Here Fargo was bathed, rebandaged, put to bed. The long ward he was in was full of wounded, and it reeked of blood and pus and gangrene and all the other aftermath smells of battle, and after one good night’s sleep in a bed, he arose the next morning and demanded his clothes. A German nun tried to quiet him, but he would not be quieted. “Damn it, I want my clothes and guns. I didn’t come in here to die—and this is a place for people that are dying!”
“But, sir—” she began in broken English.
Fargo pushed her aside, summoned a Mexican ward boy in his native language. “I want my guns and gear, you understand? Bring ’em and you’ll get twenty pesos!”
“Si, Coronel!” the ward boy said, brightening, and he loped off.
A German doctor and the nurse and a Japanese nurse tried to get Fargo back into bed, but he shoved them all away with his good arm. He knew to stay here in this ward would be to weaken and die. Bad air, bad care, bad food, no whiskey—He would not stand for it. Something in his battered face, his hard gray eyes, made them back away. They all went looking for his clothes and gear: but before they were brought, Angelita came.

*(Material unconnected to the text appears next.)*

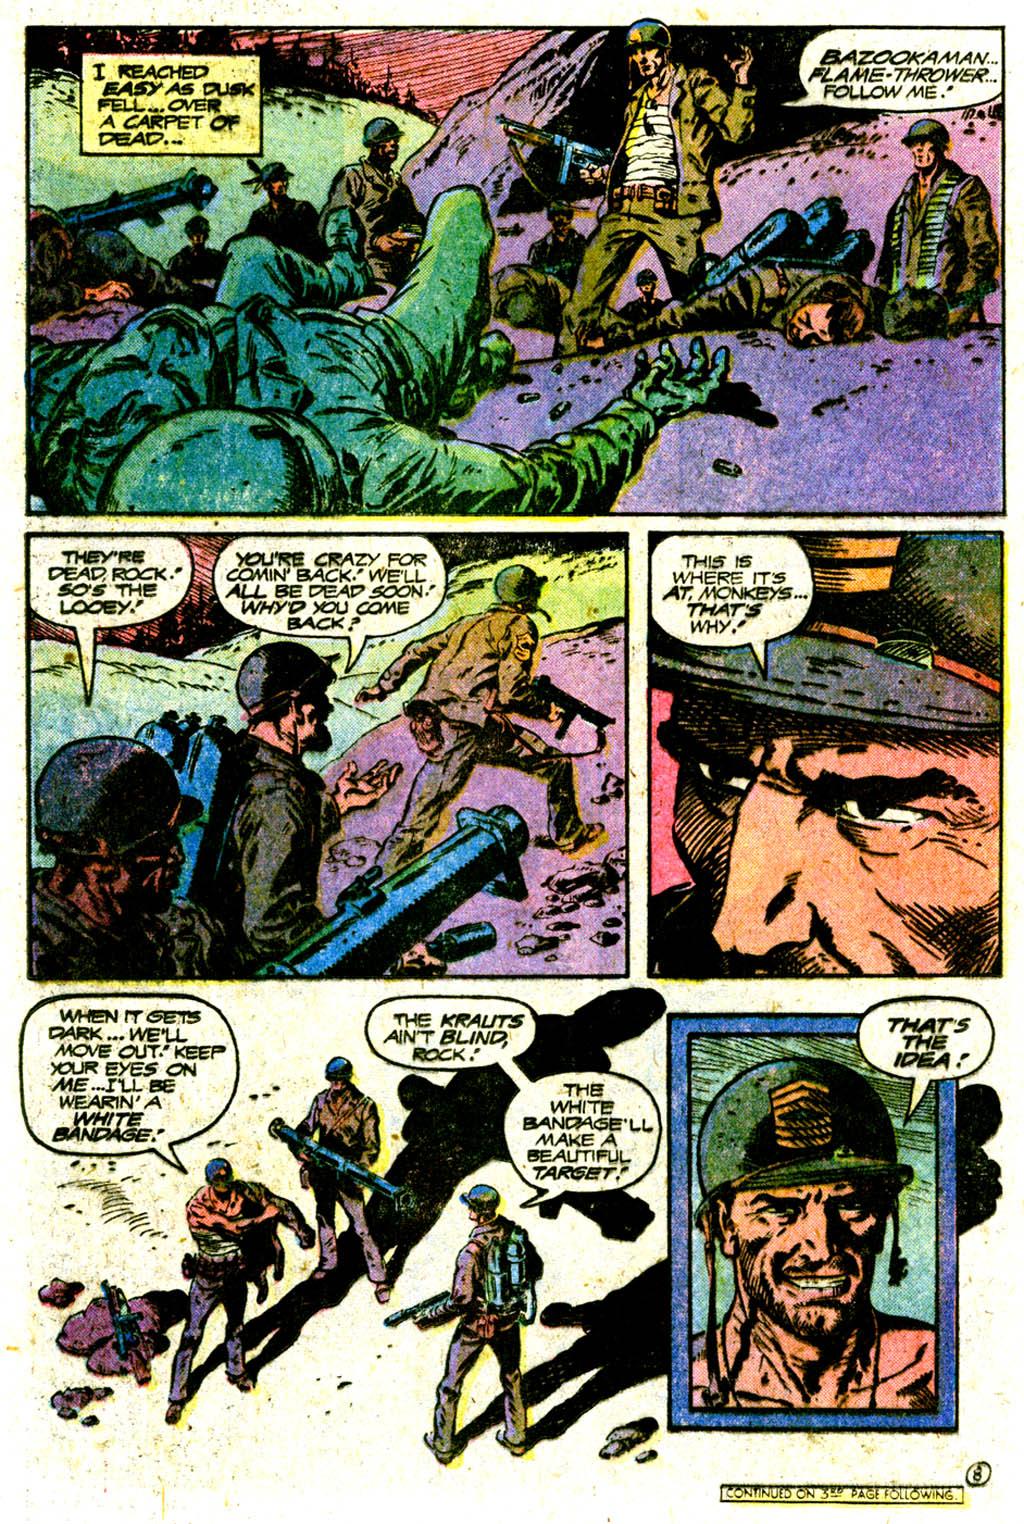 Read online Sgt. Rock comic -  Issue #334 - 11

“Fargo,” she said. “They sent word, you were making trouble.”
“I’m not making trouble, I just want out of this slaughterhouse!”
“But it is a hospital.”
“It’s a goddam death trap. I remember when Villa took this place! Fierro, his second in command, went through here and personally shot every Federal soldier in his bed. Well, it’s not much better now!” He winced, sucked in breath as he felt a stab of pain from the broken ribs. “I want out.”

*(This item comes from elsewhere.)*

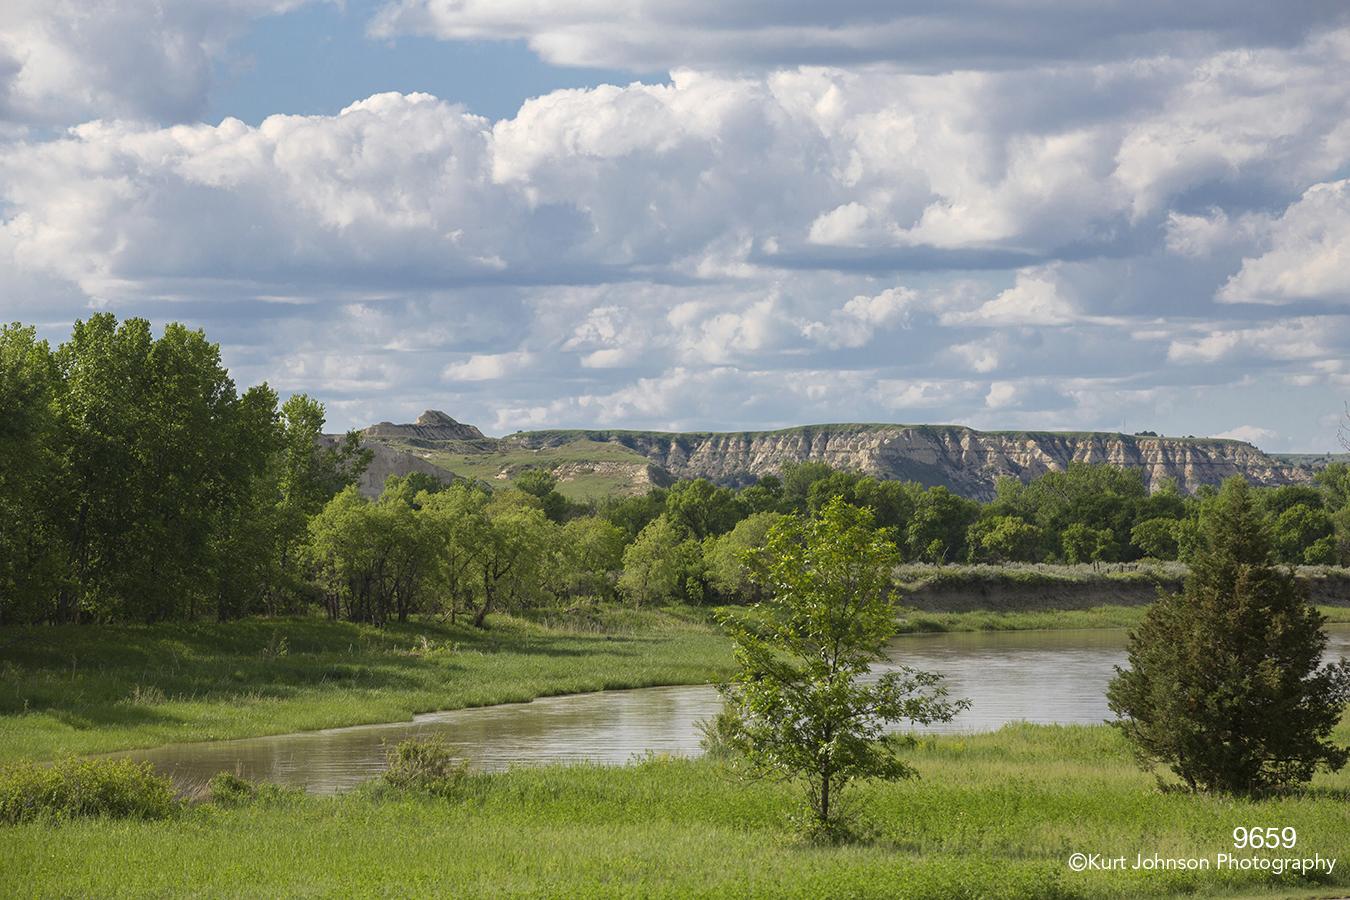 landscape river water mountains grasses trees clouds dakota

Angelita stared at him a moment, then nodded. “All right. You shall come with me to my house on the outskirts.” She turned, snapped orders. Within minutes, Fargo’s clothes appeared. “Your guns, amigo,” Angelita said, “I have taken you into my own custody. Come.”
Arm still in sling, torso tightly bandaged, Fargo followed her outside to a Ford touring car. It rattled through the narrow streets of town until it reached the suburbs. There it pulled up before a small villa that must once have belonged to some Hidalgo. Fargo entered it with Angelita.